Barbecue, especially outside the few hot spots in this country, can become monotonous. Plate, meat, sauce, maybe toss it on a lackluster bun for a sandwich. But South Moon Barbeque’s menu is full of inventive ways to showcase the Hinckley restaurant’s meats.
And the meats at this spot are, for the most part, very good. Nice flavor, light smoke, excellent sauces.
If you’re looking for uniqueness, start with the BBQ Sundae. Listed as an appetizer but definitely enough for a meal, the sundae is made by layering baked beans, coleslaw and pulled pork in a bowl.
A lot of the dishes come lightly sauced, likely by design because the two main sauces are available on the tables to let you customize each item. A sweet St. Louis was definitely heavy on tomato taste, but the sweet heat sauce eliminated some of that - although not spicy.
We only got to taste one true appetizer, the fried pickles. Those can be hit or miss, but here they were a definite hit. The batter was extremely well seasoned. A trace of heat from cayenne pepper or something similar blended so well with the strong tang of the pickles. And the batter clung to the pickle with no real breakage, which is rare.

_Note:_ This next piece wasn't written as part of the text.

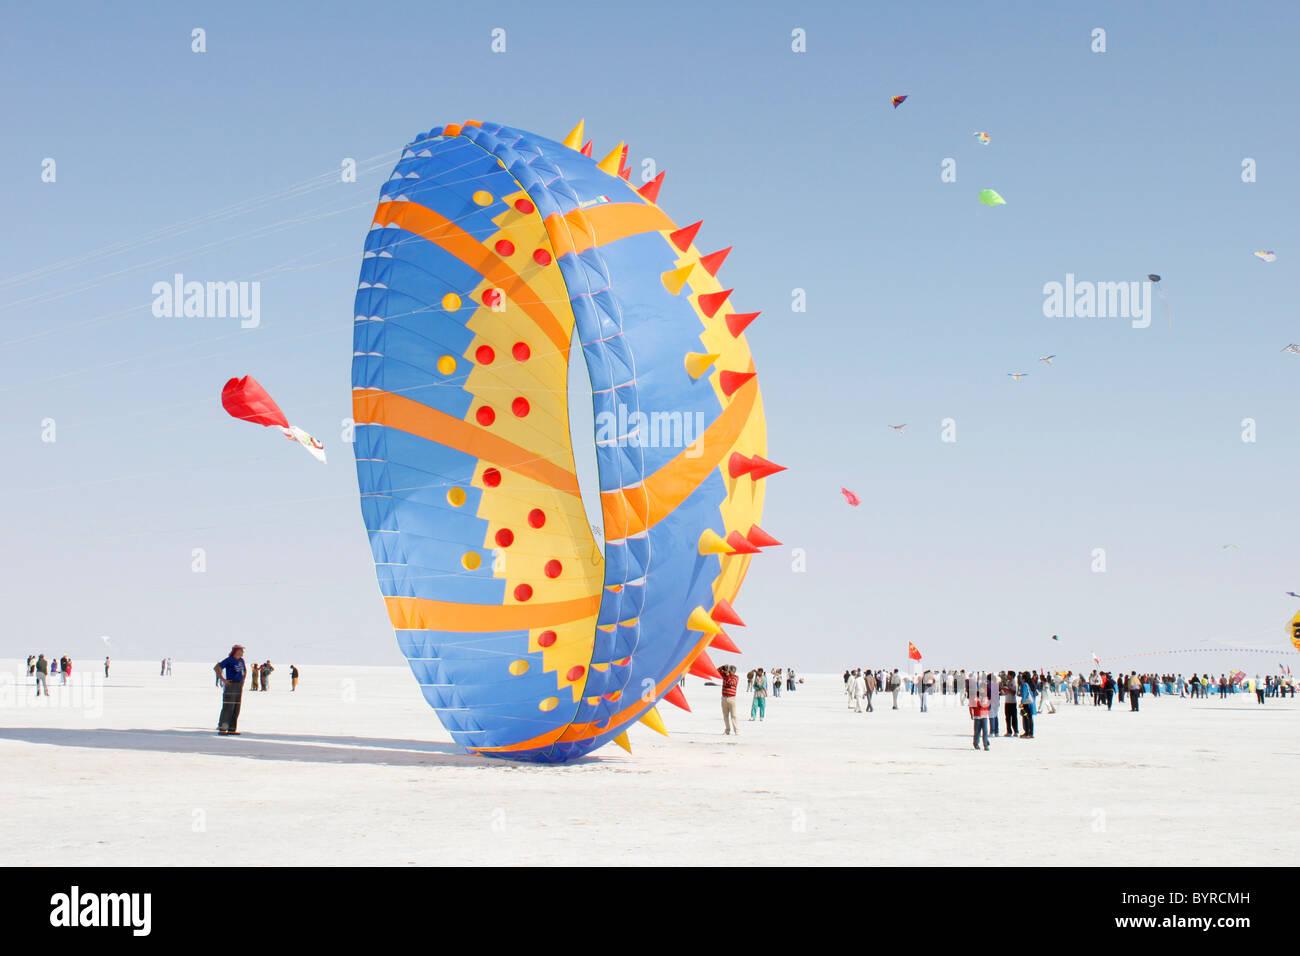 International kite flying festival in white rann of kutch, gujarat,india - Stock Image

The restaurant also has a sandwich called The Chuck Norris that seems custom built for one of those challenge shows. It’s every meat in the shop stacked on two buns. It costs extra for burnt ends, which are definitely worth it. They were amazingly tender and flavorful, even more than the pork. The generous size accommodated two adults.
With the sandwich as structured, we found it impossible to take a bite that included more than one meat at a time, so we had to dissect it on the plate. It was great food – especially the chicken. The breasts were about as juicy as white meat can be, and the rub was outstanding. The brats were also ridiculously tasty. But it was hard to get the flavors to play together like they did in the sundae.
The PBLT - pork belly, lettuce and tomato - was very good and presented well. The fat, juicy pieces of pork belly were amazing, just as on the Norris.
The fried potato salad used hot sauce as a dressing. Instead of traditional simplicity, the mac and cheese added peppers and onion.
If you want a straightforward dish, South Moon hooks you up, as well. The pulled pork sandwich was served on what seemed like a bakery-fresh bun - as was the Norris - and has the option of coleslaw as a topping.
On the whole, South Moon Barbeque was an exceptional find in downtown Hinckley. Whether the dish is traditional or unique, it’s well done and worth the trip.
• The Mystery Diner is a Daily Chronicle employee who reports on their experience at local restaurants. The diner’s identity is not revealed to the restaurant staff before or during the meal. If the Mystery Diner cannot recommend the establishment, we will not publish a story.